--- START ---

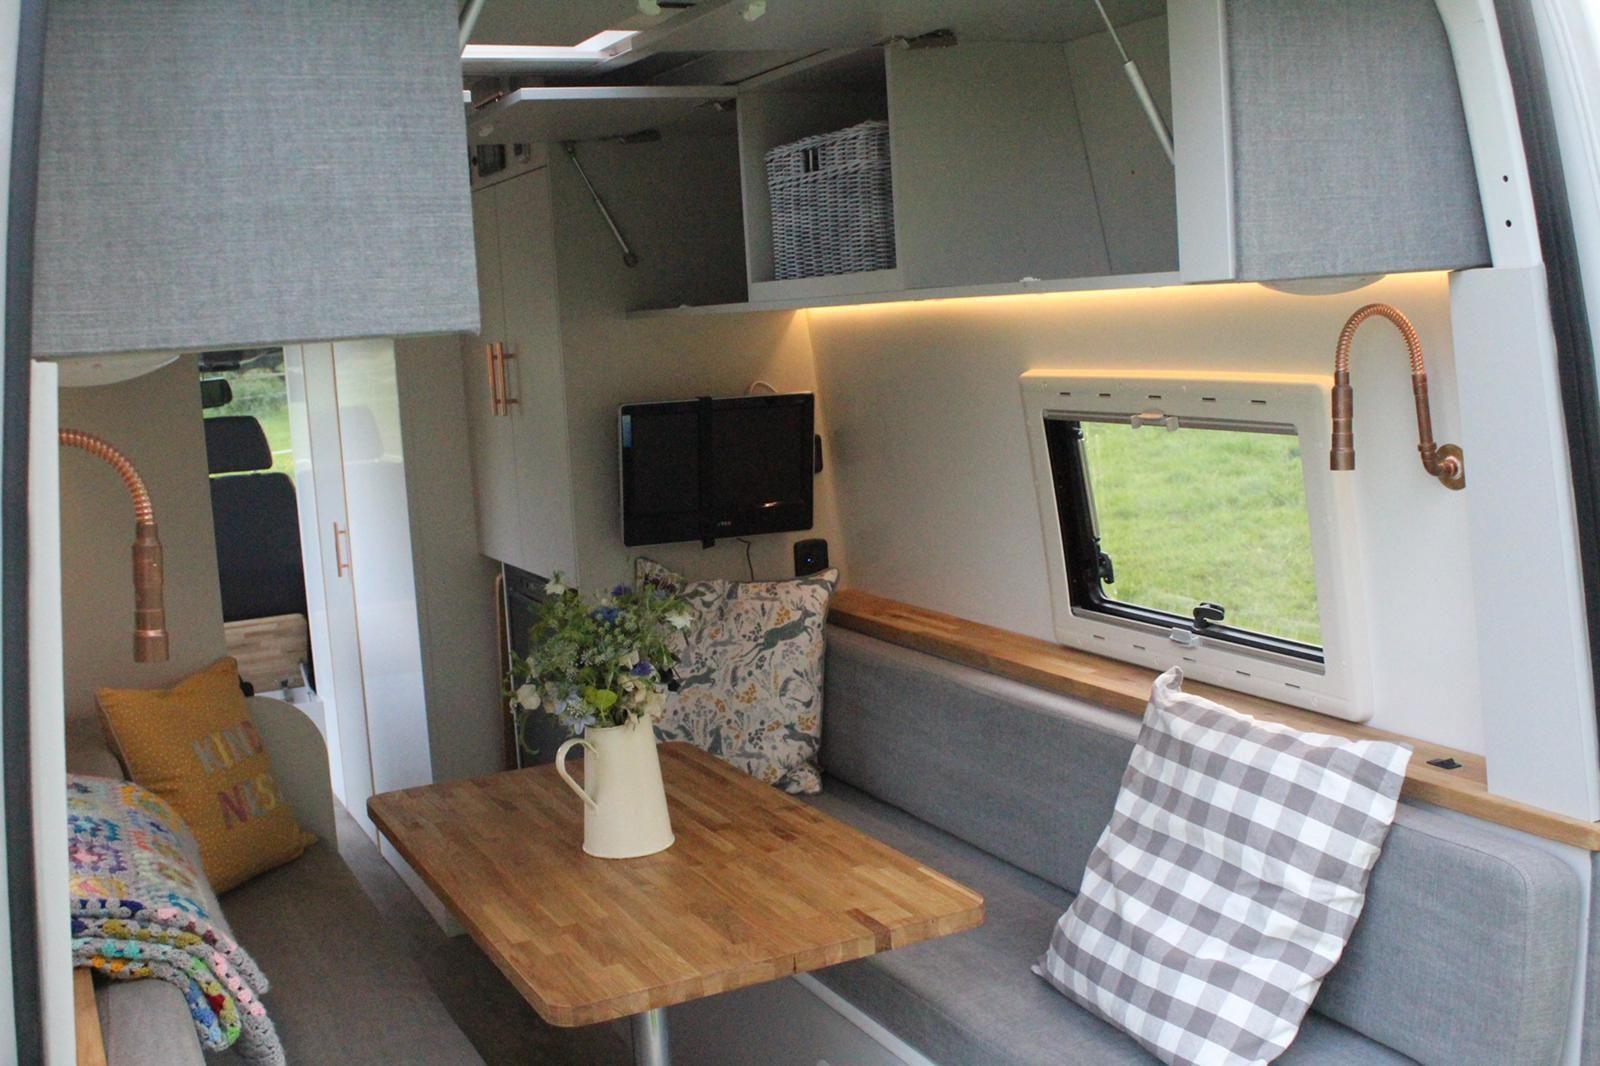 Olive Campervan interior, Interior, Campervan
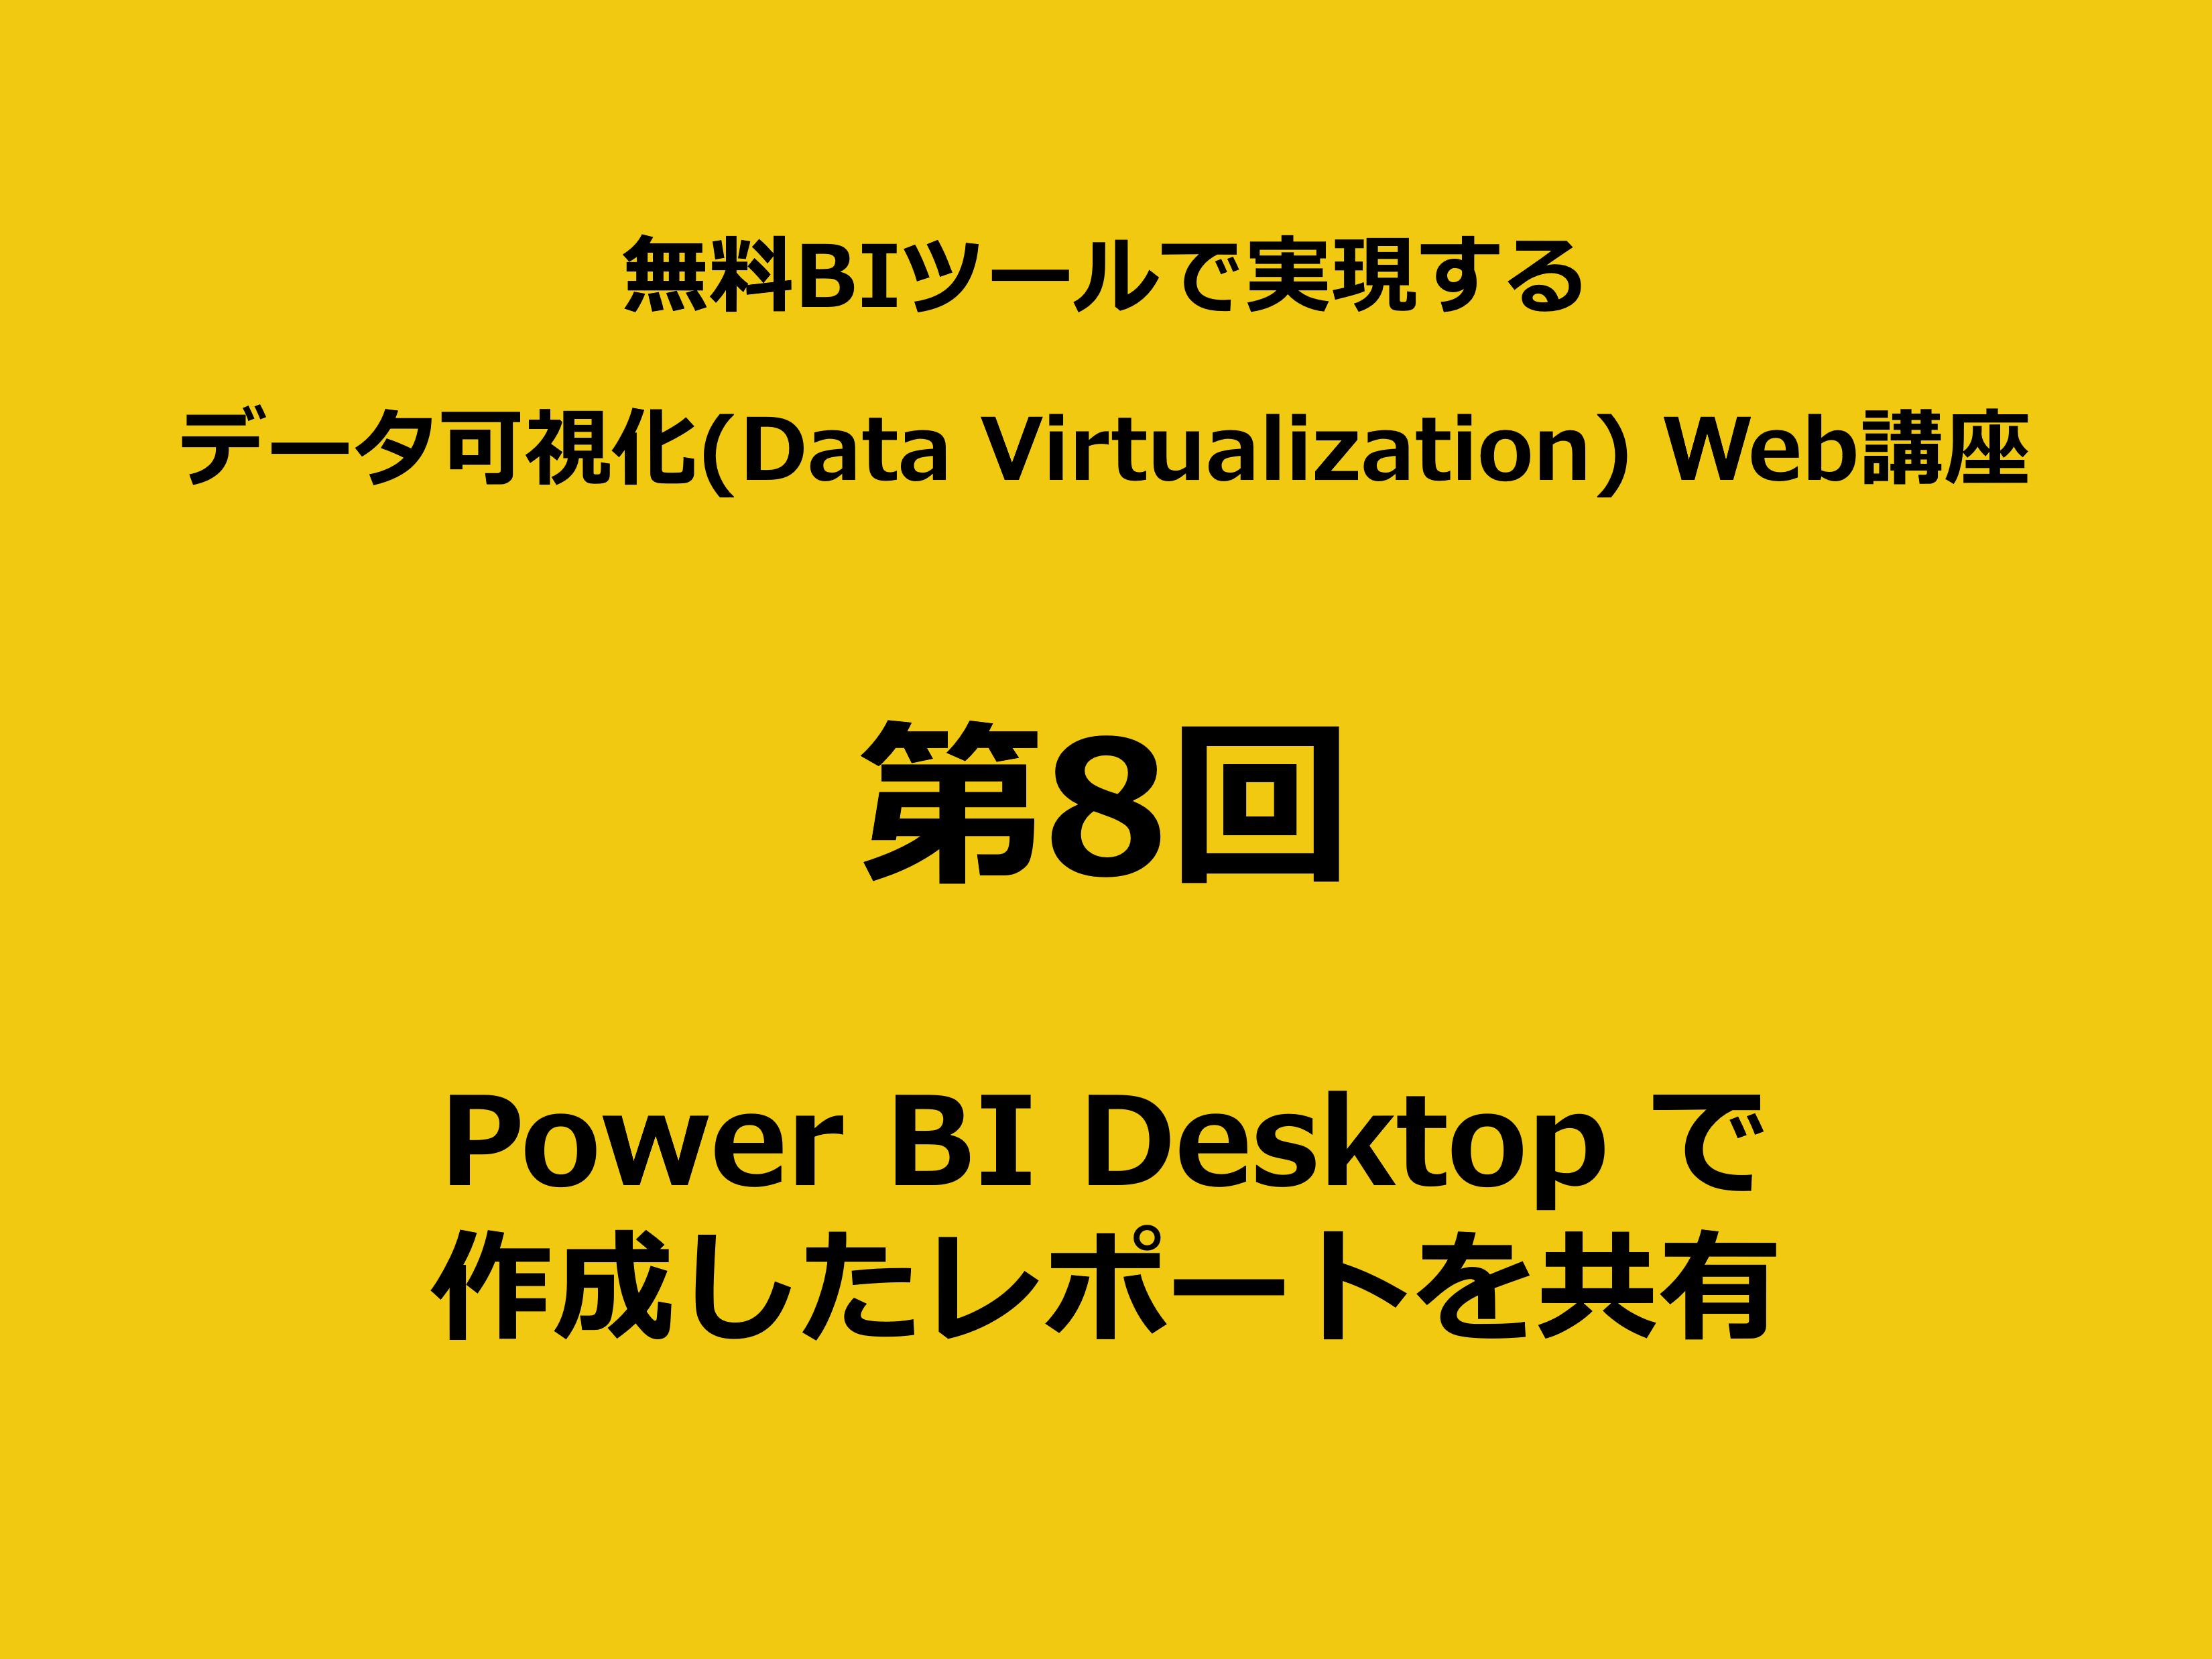 Power BI Desktop で作成したレポートを共有
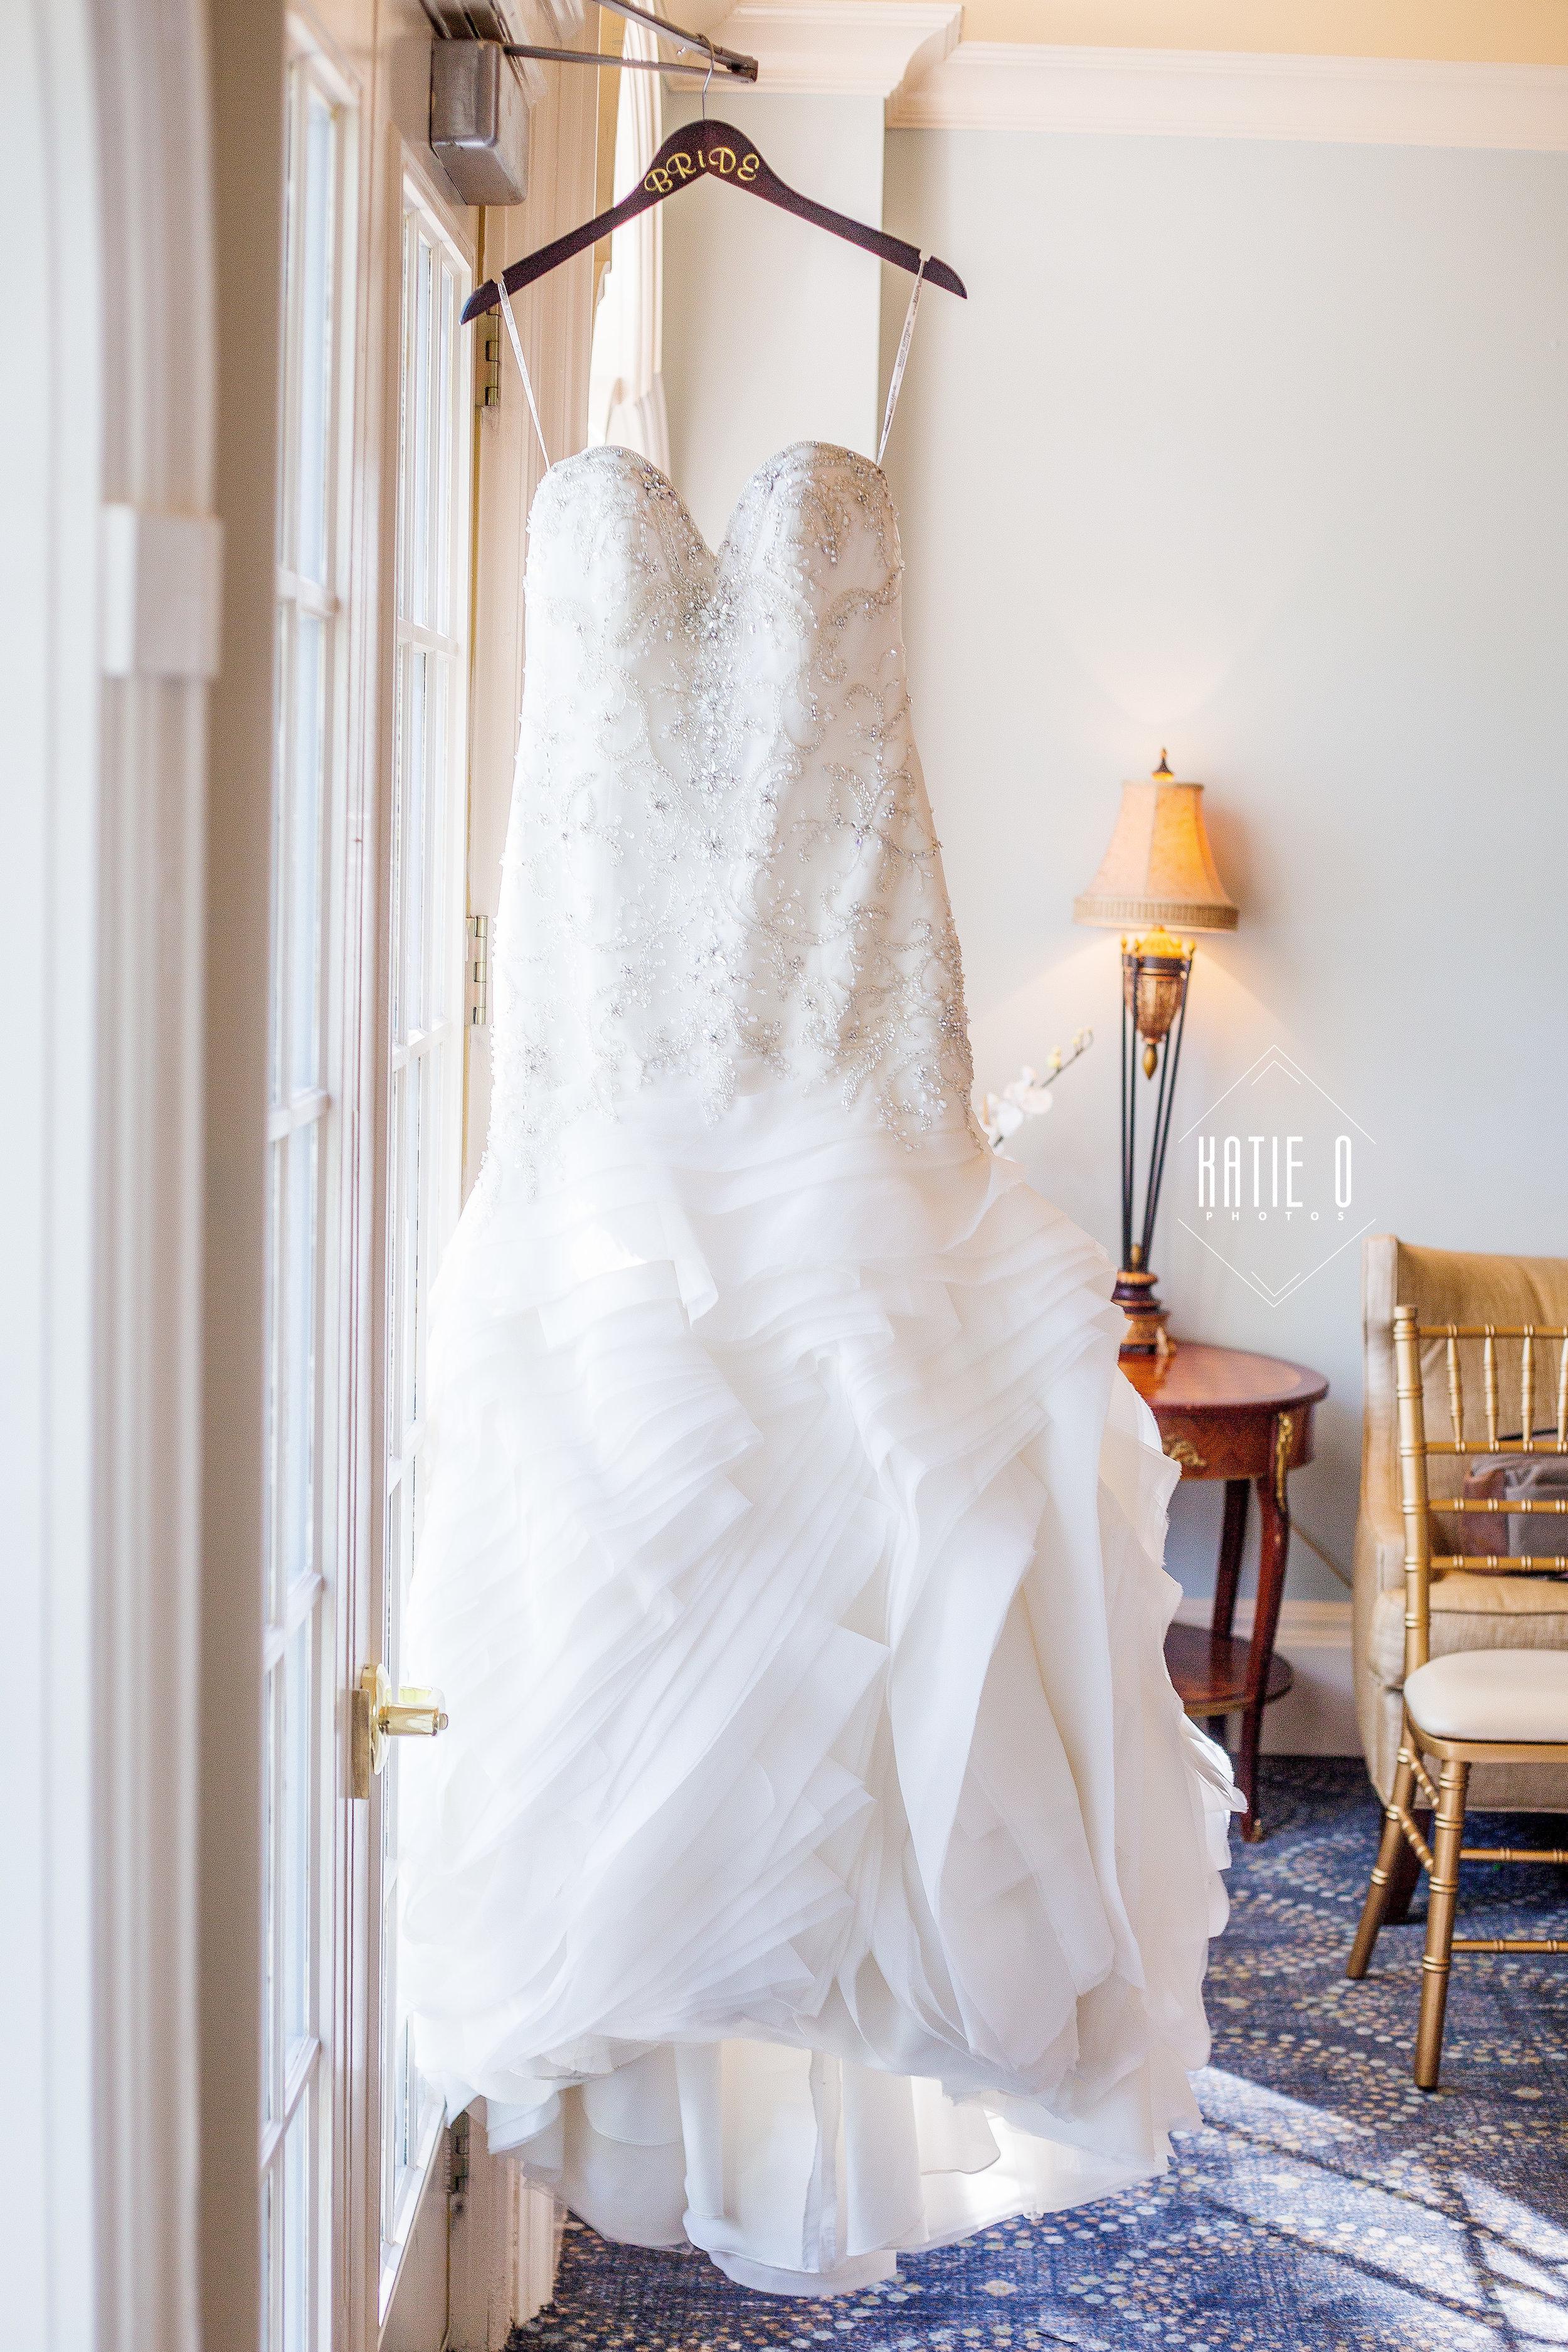 CT-WEDDING-PHOTOGRAPHER-BLOG-1.jpg

--- END ---

§ **To do**
When you reproduce the material, keep every word exact and leave each picture out.

§ **Answer section**
 Olive Campervan interior, Interior, Campervan
 Power BI Desktop で作成したレポートを共有
 CT-WEDDING-PHOTOGRAPHER-BLOG-1.jpg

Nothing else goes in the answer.